There are real gains to be made in real estate. Trophy downtown regions are saturated with fit-for-purpose, sound-proofed properties with luxe finishes, ready to expand or backfill, as the property market is pressured with the downturn of foot traffic in downtown areas and shifts in corporate culture, with a demand for worker flexibility, working from home and to meet the new work-life balance.

With so many new and geared up players, expect a proliferation of models, including pricing, adjacent industry learnings and new thought and funding to exploit the offerings.

As fitness sits in the broader ecosystem of what consumers do when they’re not working, there are many opportunities to partner with ancillary businesses, products and services to create new synergies.

Investors are looking for resilience, but also growth and for businesses to be highly relevant, scaleable and executionary in the new world. Expect profits on paper to be more firmly tested.

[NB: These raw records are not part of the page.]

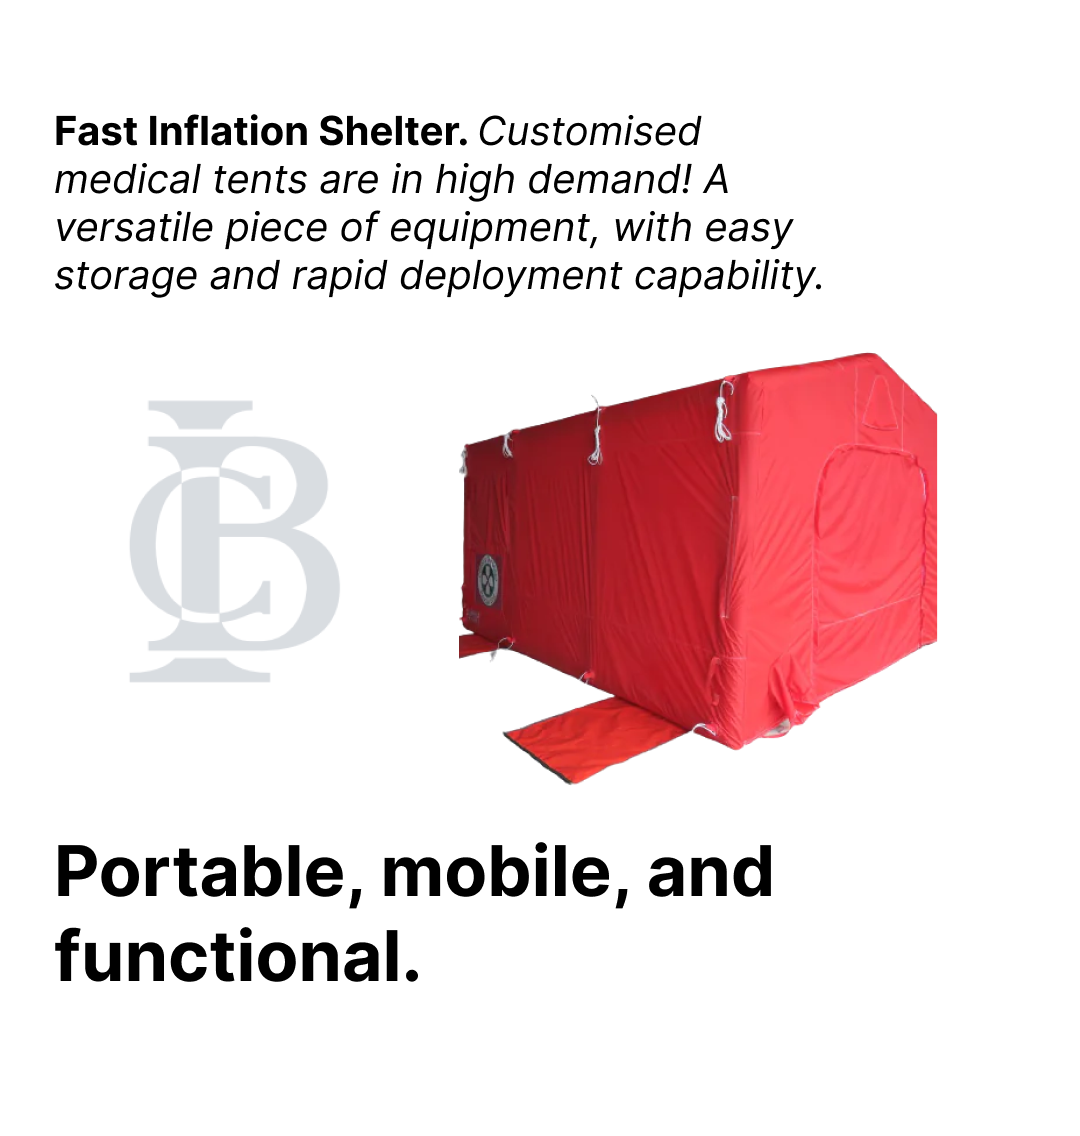 Fast Inflation Shelter Series: 'Pop Up' Medical Tents
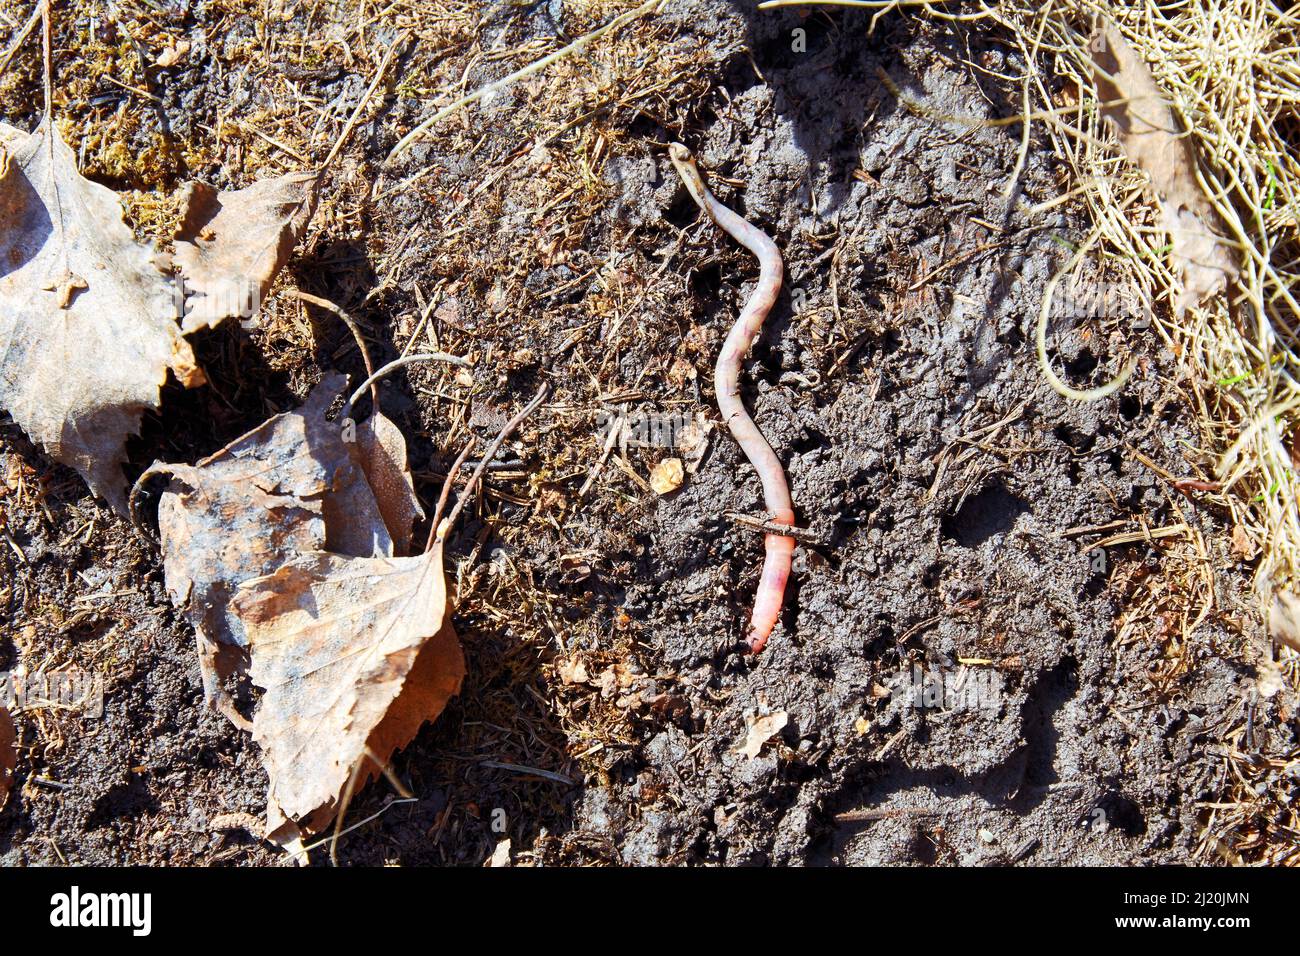 A long earthworm crawls on damp ground after winter. Wild animals in the garden Stock Photo
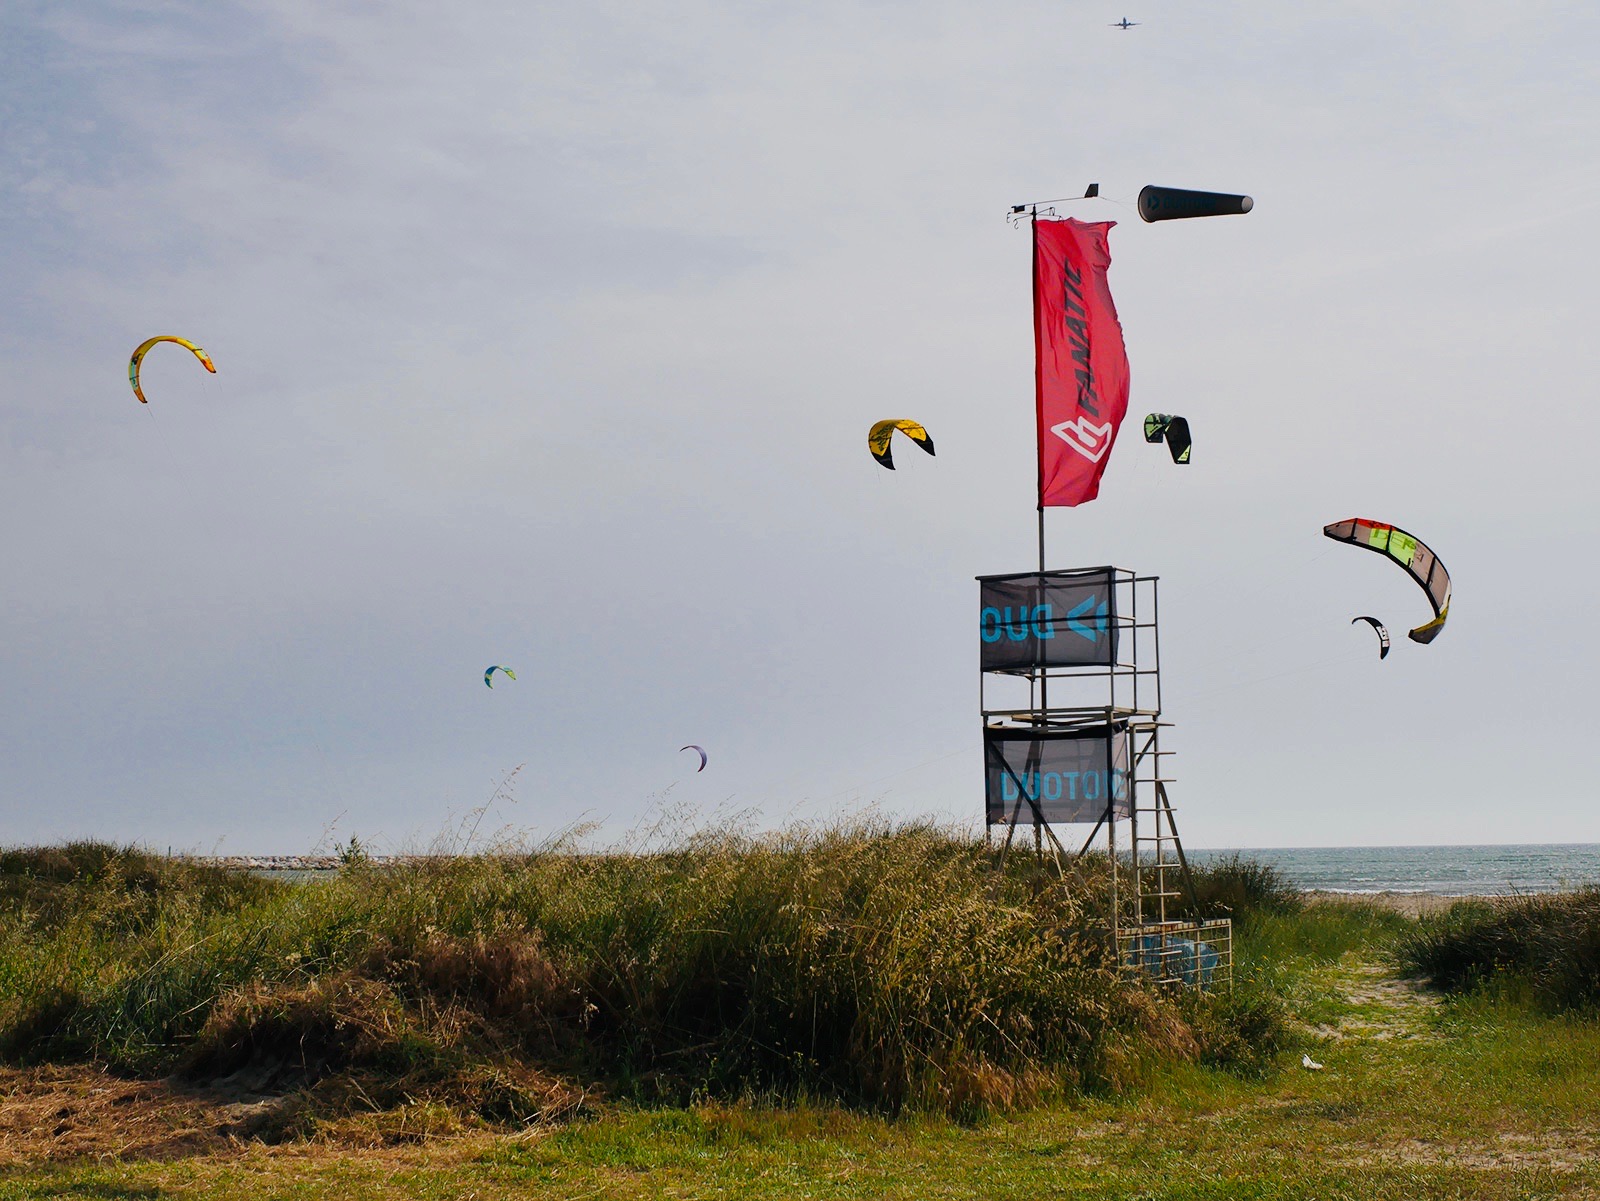 Wind sock and kites flying in the air at Calambrone kite centre.

Also expect big bets, as illustrated by the recent threeway between Beachbody, MYX and Forest Road or TSG expanding to relaunch as to Xplor.

Can we expect a boomtime once vaccinations are well advanced?
Was there a baby boom after the last world war? Yes. Precisely. The very thing we’re held from, draws us back. Every time we are restricted and forced to adopt a new perspective, we flourish. Add to that we’re social beasts, made abundantly clear by our pack mentality.

The better question is will our behaviours change? And the answer is yes. Peloton and friends changed everything pre-pandemic, proving one could maintain deep and meaningful relationships with a console which housed our trainers, our community and our programme. And in many ways, more potently because of the power of technology. Cue leaderboards, virtual shoutouts, biometric tracking, groups, challenges and social media.

Will the customer base of gyms change?
Yes. Those with a wake up call will also swipe in. More and more varied demographics will come, provided we make them feel welcome. The industry will enjoy an upswing of general activity with all these marketing dollars being pumped into our stratosphere and all the health and fitness apps and adjacent industries piling into our sector.